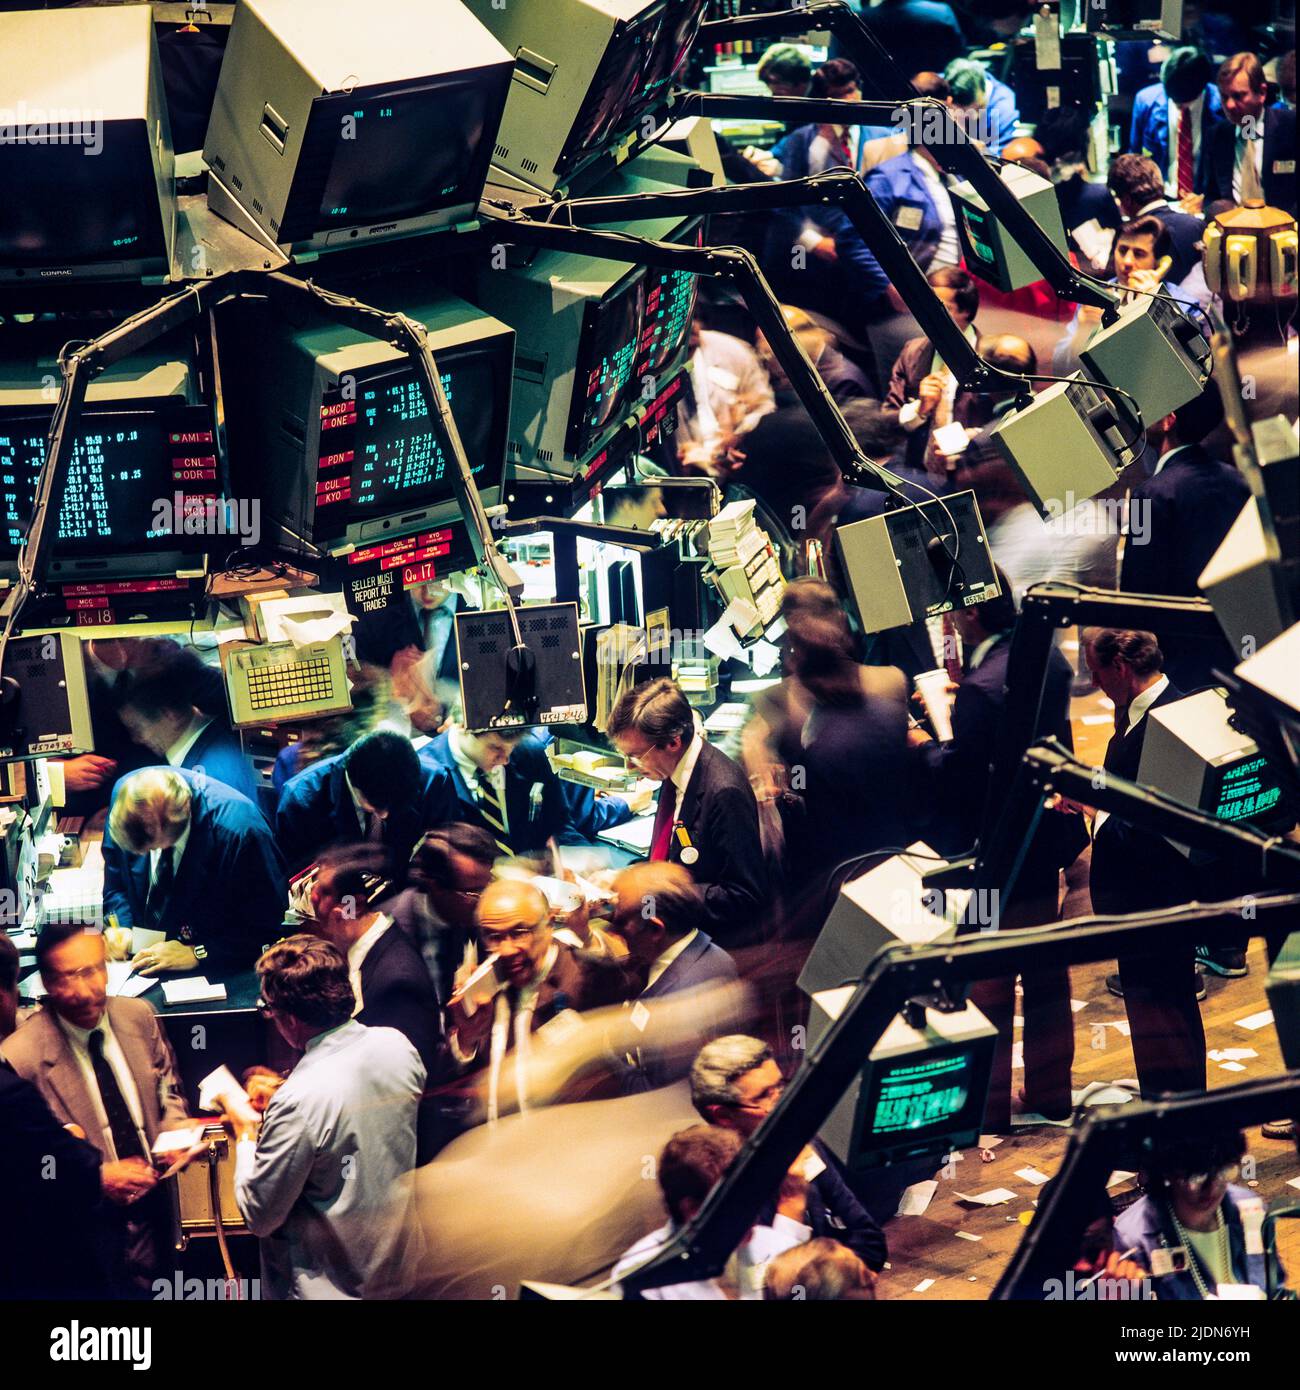 New York 1980s, NYSE, Stock Exchange interior, trading floor overview, financial district, Manhattan, New York City, NY, NYC, USA, Stock Photo
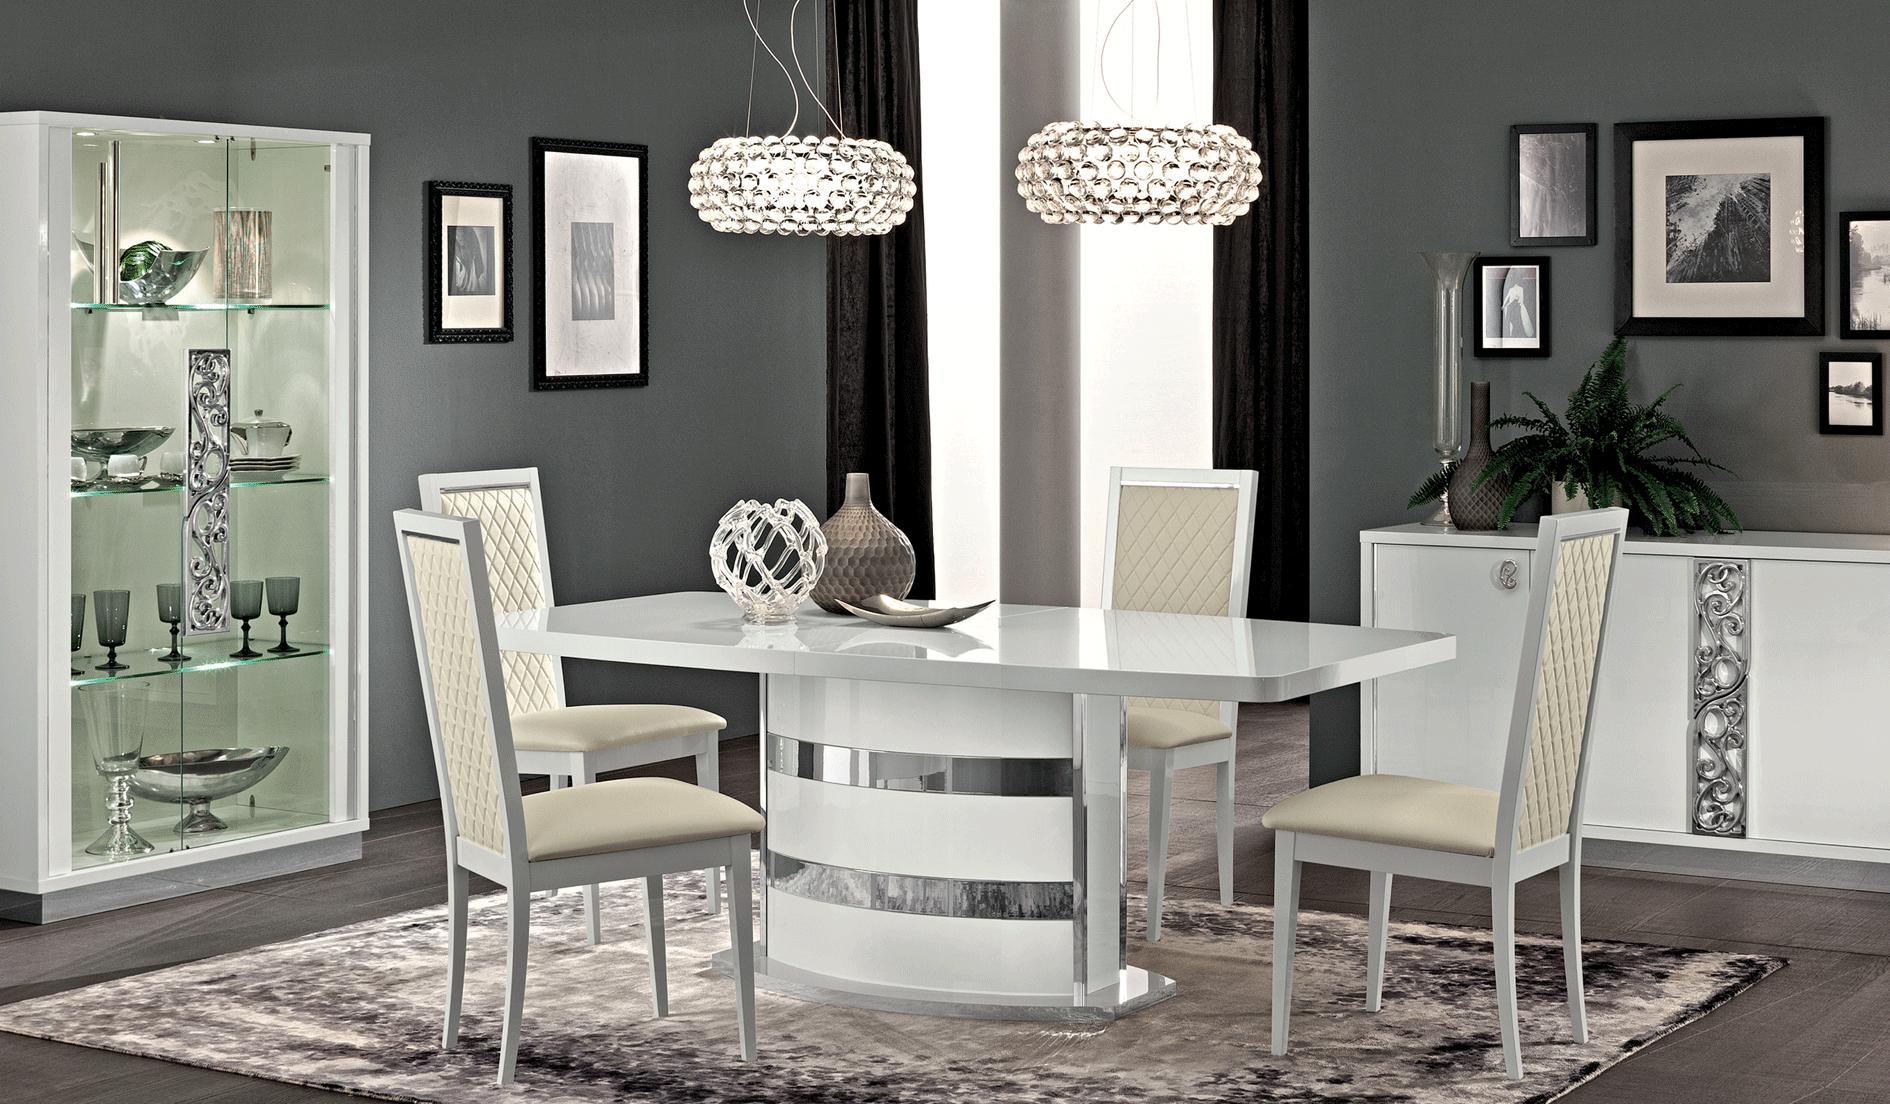 Contemporary Dining Table Set Roma ESF-Roma White-DT-9PC in Cream, White Eco Leather
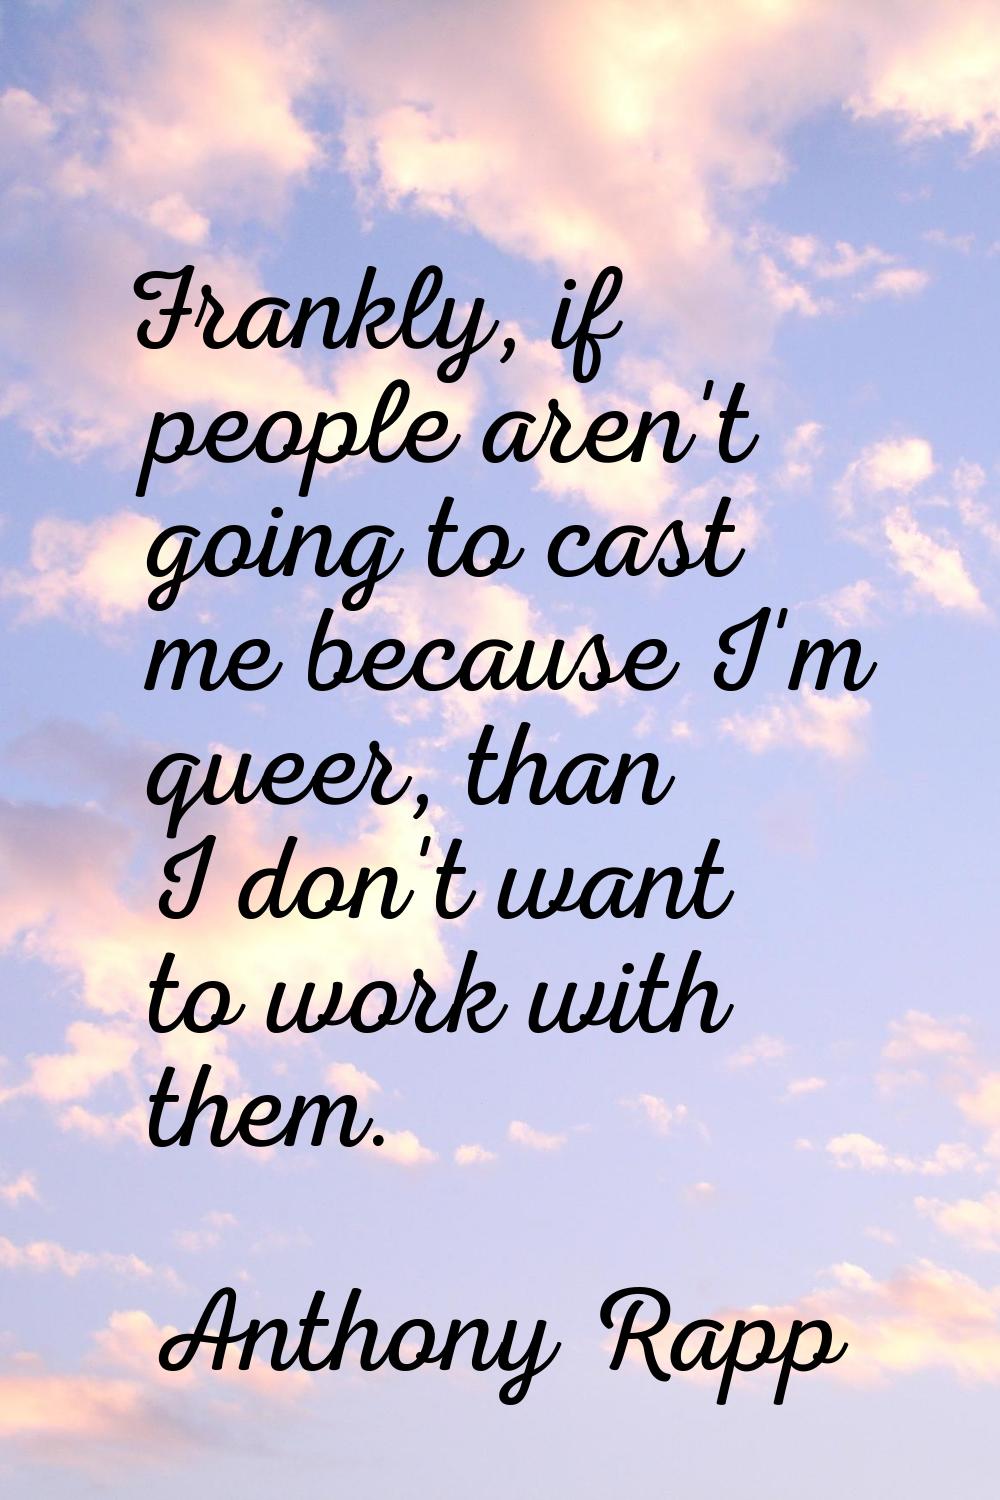 Frankly, if people aren't going to cast me because I'm queer, than I don't want to work with them.

### YOUR ASSIGNMENT
Your answer should be the lines from the line containing "Contemporary Dining Table" through the end of the listing above, output exactly and alone, without the pictures.

### EXERCISE RESPONSE
 Contemporary Dining Table Set Roma ESF-Roma White-DT-9PC in Cream, White Eco Leather
 Frankly, if people aren't going to cast me because I'm queer, than I don't want to work with them.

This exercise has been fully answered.